→ **WHAT THE EXERCISE ASKS**
Copy out the lines beginning with the one that contains "Hyundai Kona Electric 2018 (4)" and ending with the last line below, exactly as they stand. Pictures are not copied.

→ **RECORDED INFORMATION**
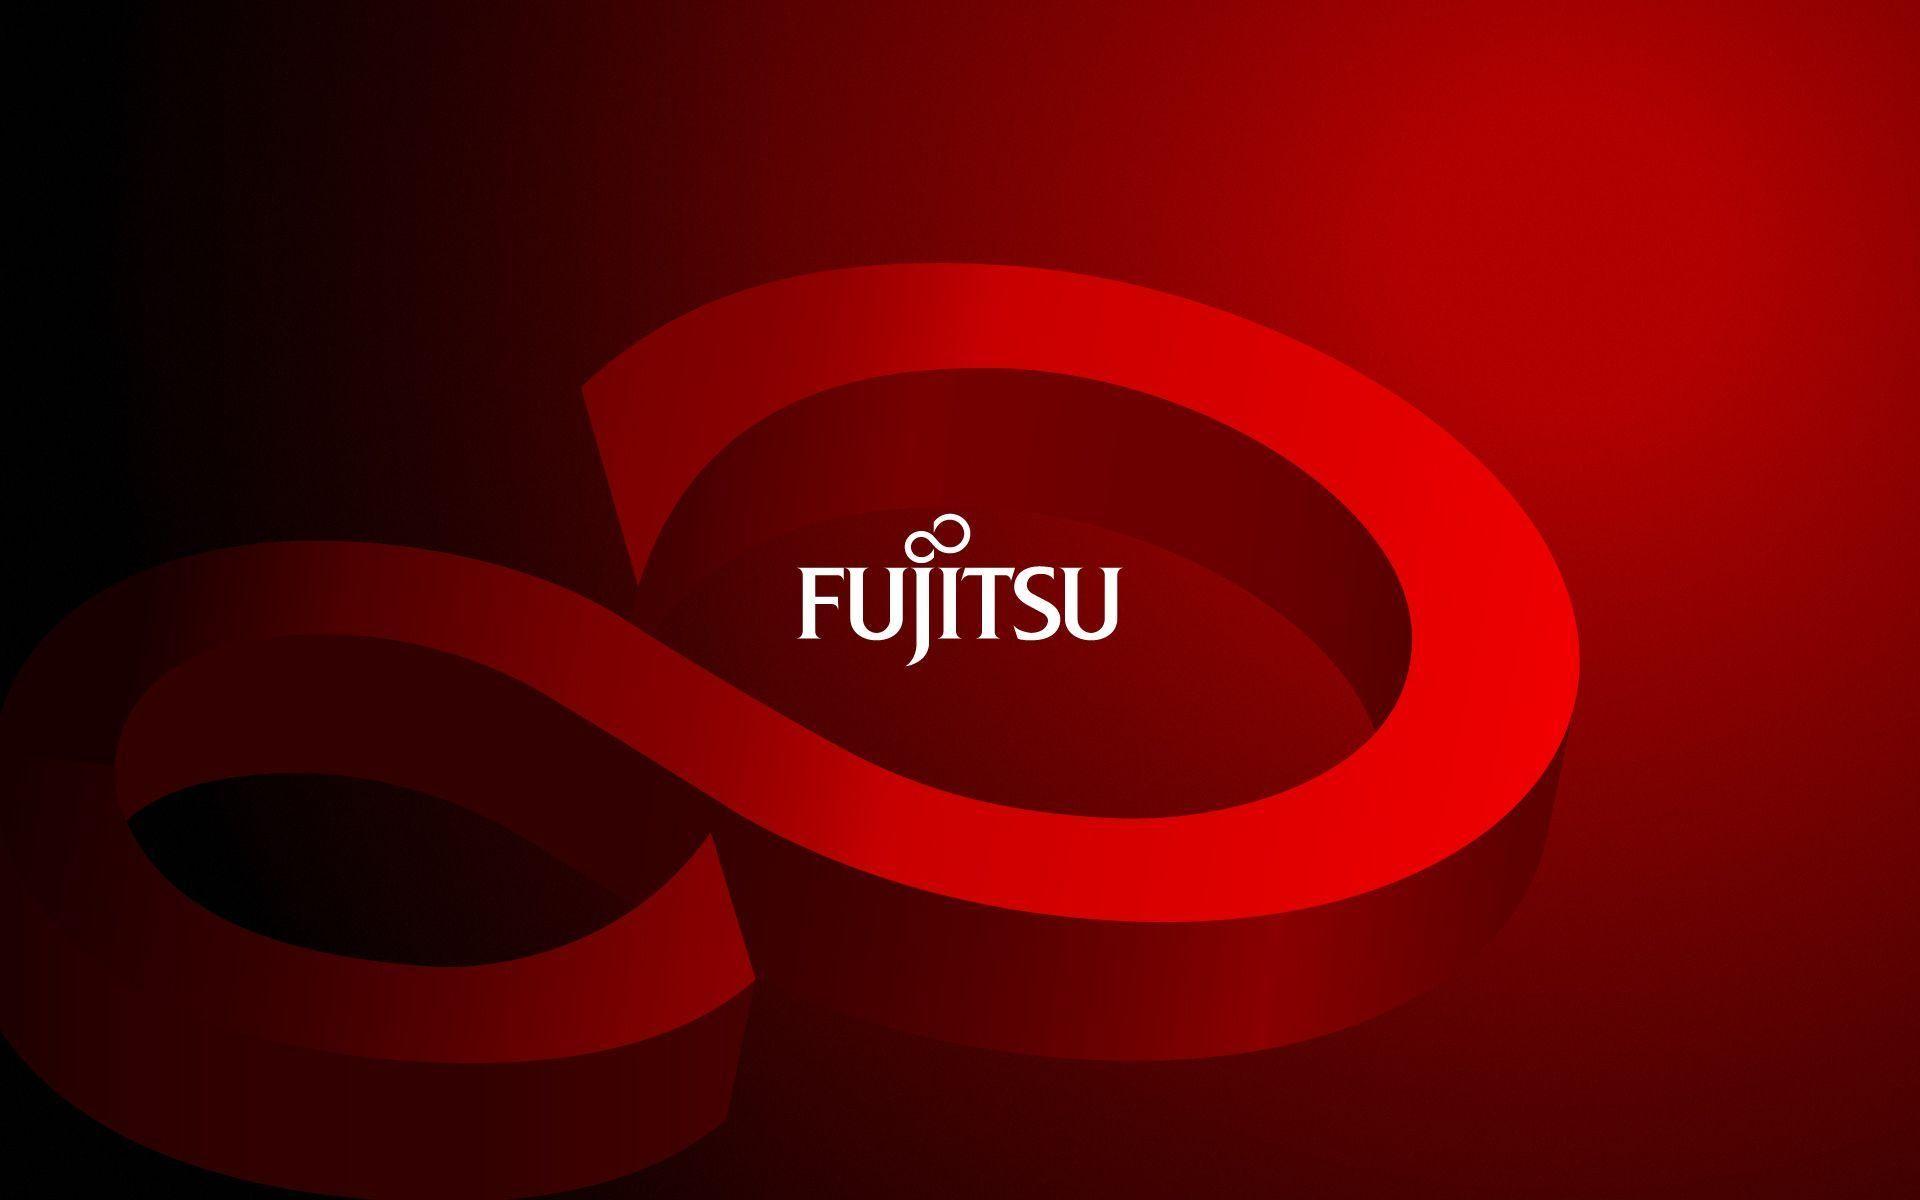 Best Wallpaper App Iphone 7 Fujitsu Wallpapers Hd
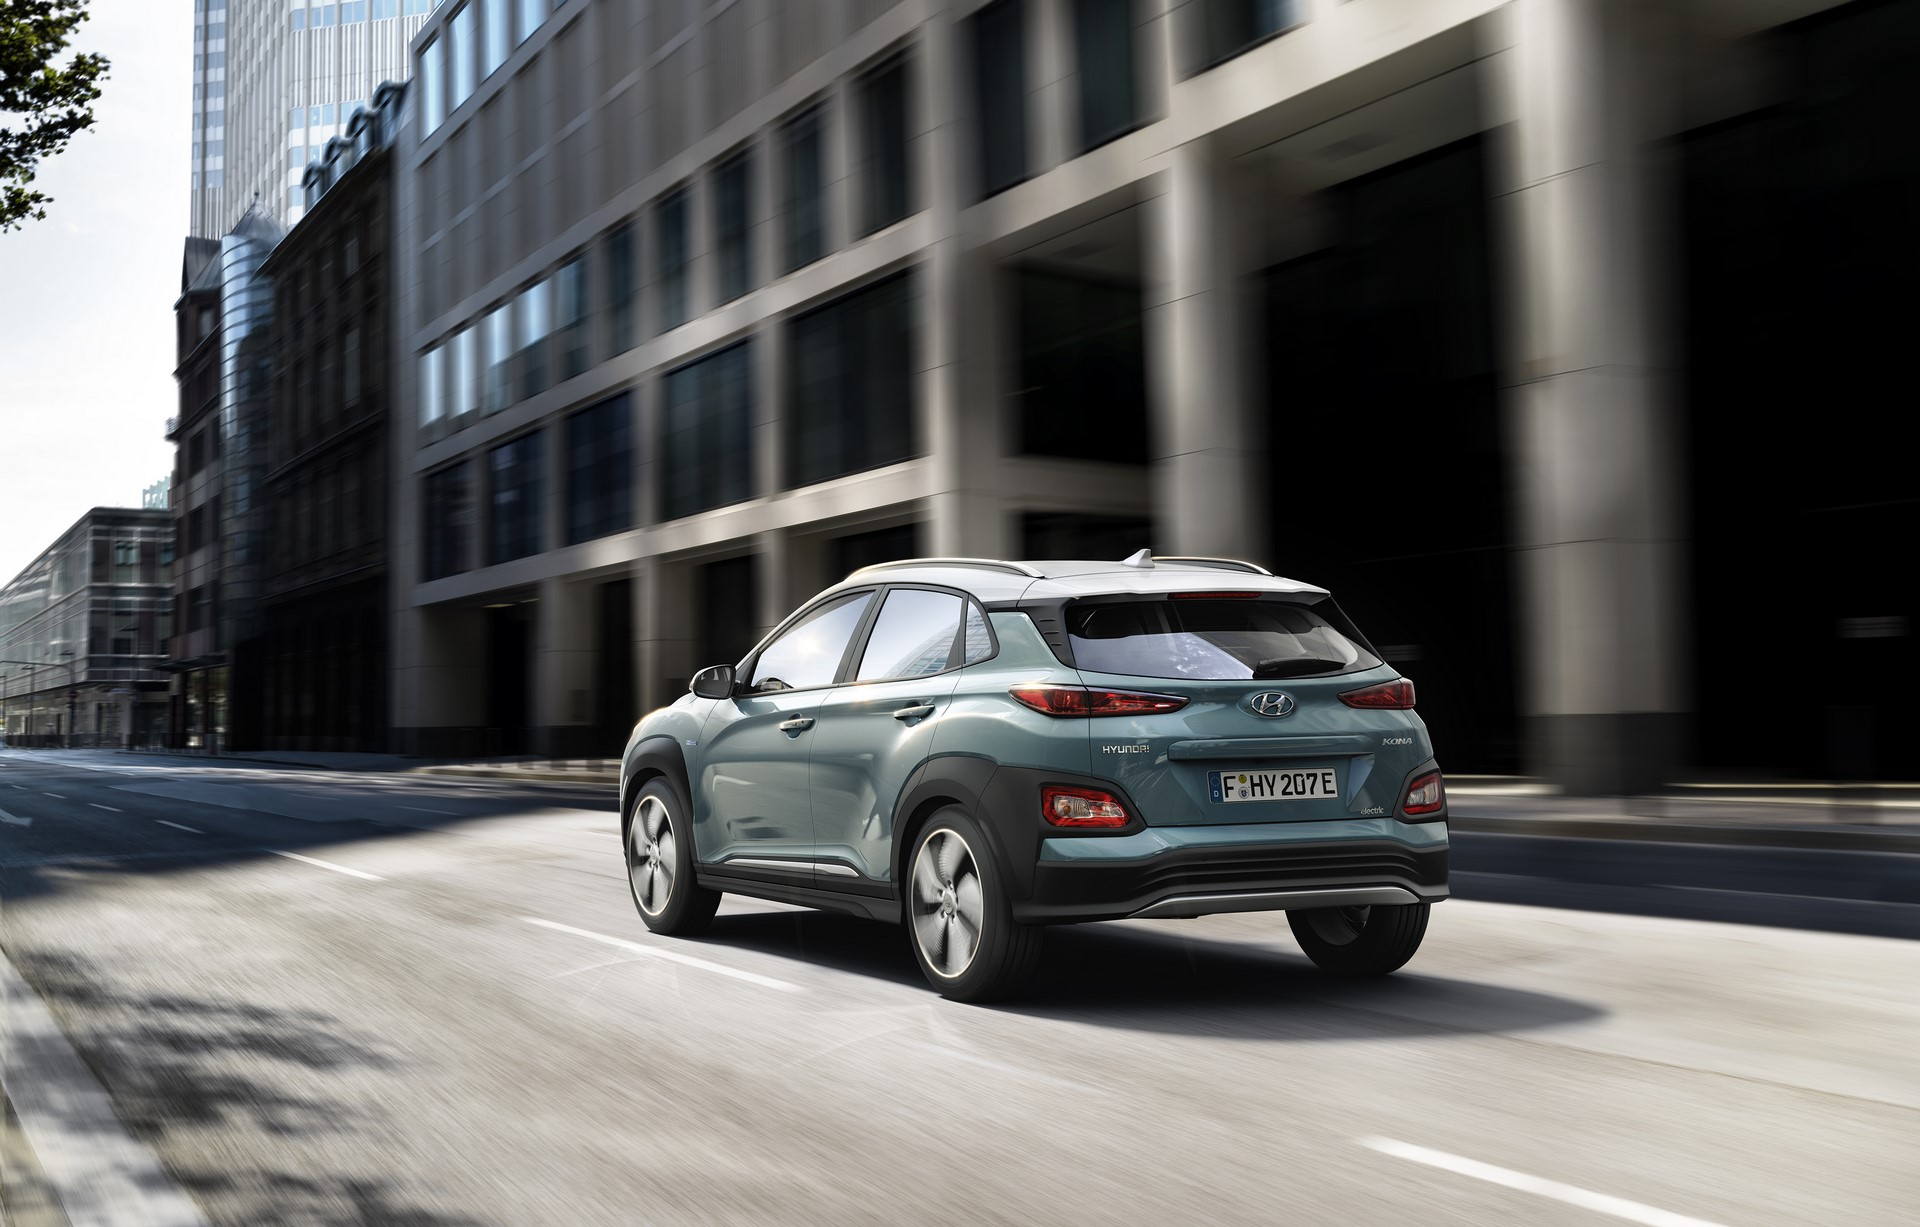 Hyundai Kona Electric 2018 (4)
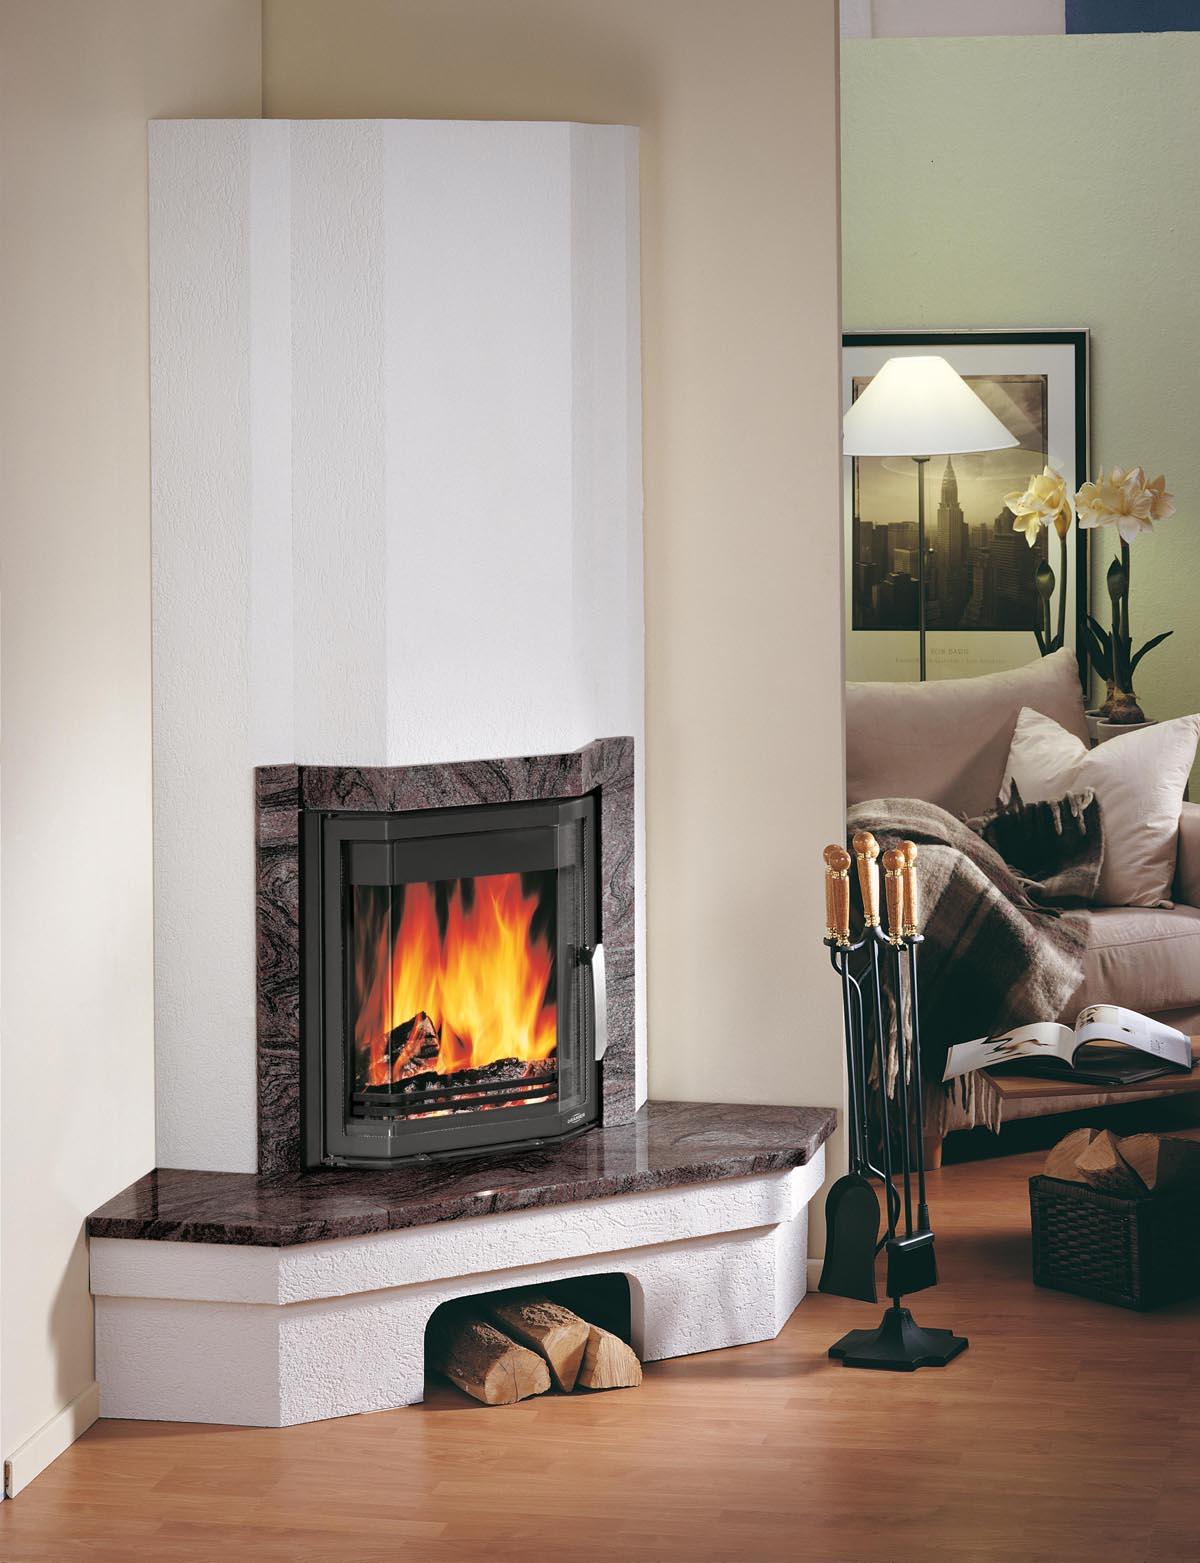 kamine gala classic eck granit schwarz komplettkamin. Black Bedroom Furniture Sets. Home Design Ideas

→ **TASK RESPONSE**
 Hyundai Kona Electric 2018 (4)
 kamine gala classic eck granit schwarz komplettkamin. Black Bedroom Furniture Sets. Home Design Ideas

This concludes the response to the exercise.